Человек мой появился на пороге и остановился в недоумении.

Немалого труда стоило мне поднять Пунина снова на ноги, растолковать ему, что если я даже что- нибудь и подозреваю, то все-таки нельзя действовать так, сплеча, особенно вдвоем; что этим только всё дело испортишь, что я готов попытаться, но ни за что не отвечаю.

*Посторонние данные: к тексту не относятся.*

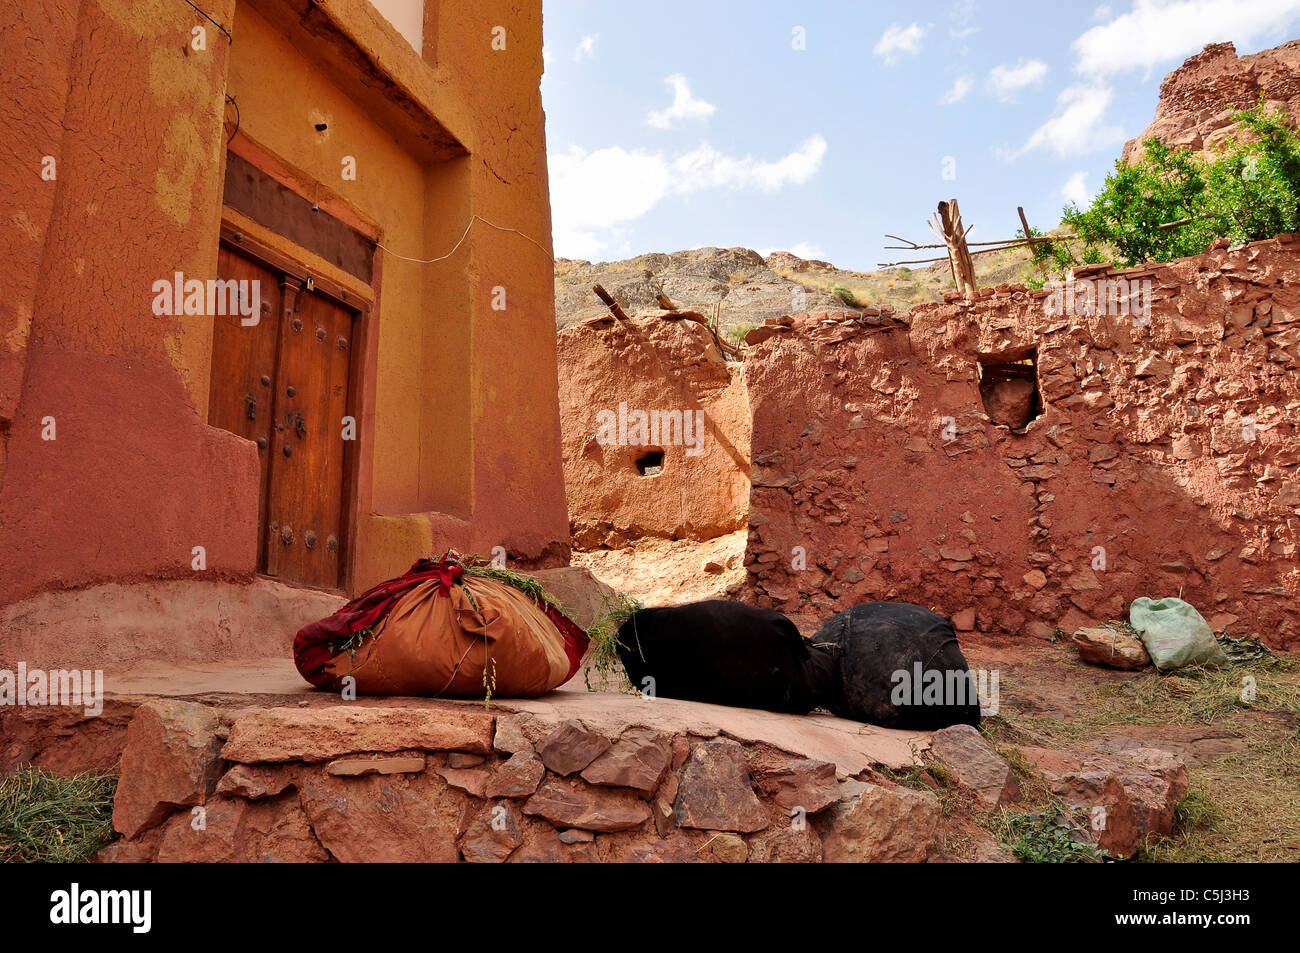 Bündel von Stroh und Luzerne für die Fütterung der Tiere vor einem alten Haus in Abyāneh Dorf, Isfahan Iran. Stockfoto

Пунин не возражал мне, но и не слушал меня и лишь изредка повторял своим надорванным голоском:

— Спасите, спасите ее и Парамона Семеныча. — Он наконец заплакал. — Скажите по крайней мере одно, — спросил он, — что… он хорош собою, молод?

— Молод, — отвечал я.

— Молод, — повторил Пунин, размазывая по щекам слезы. — И она молода… Вот в чем вся беда!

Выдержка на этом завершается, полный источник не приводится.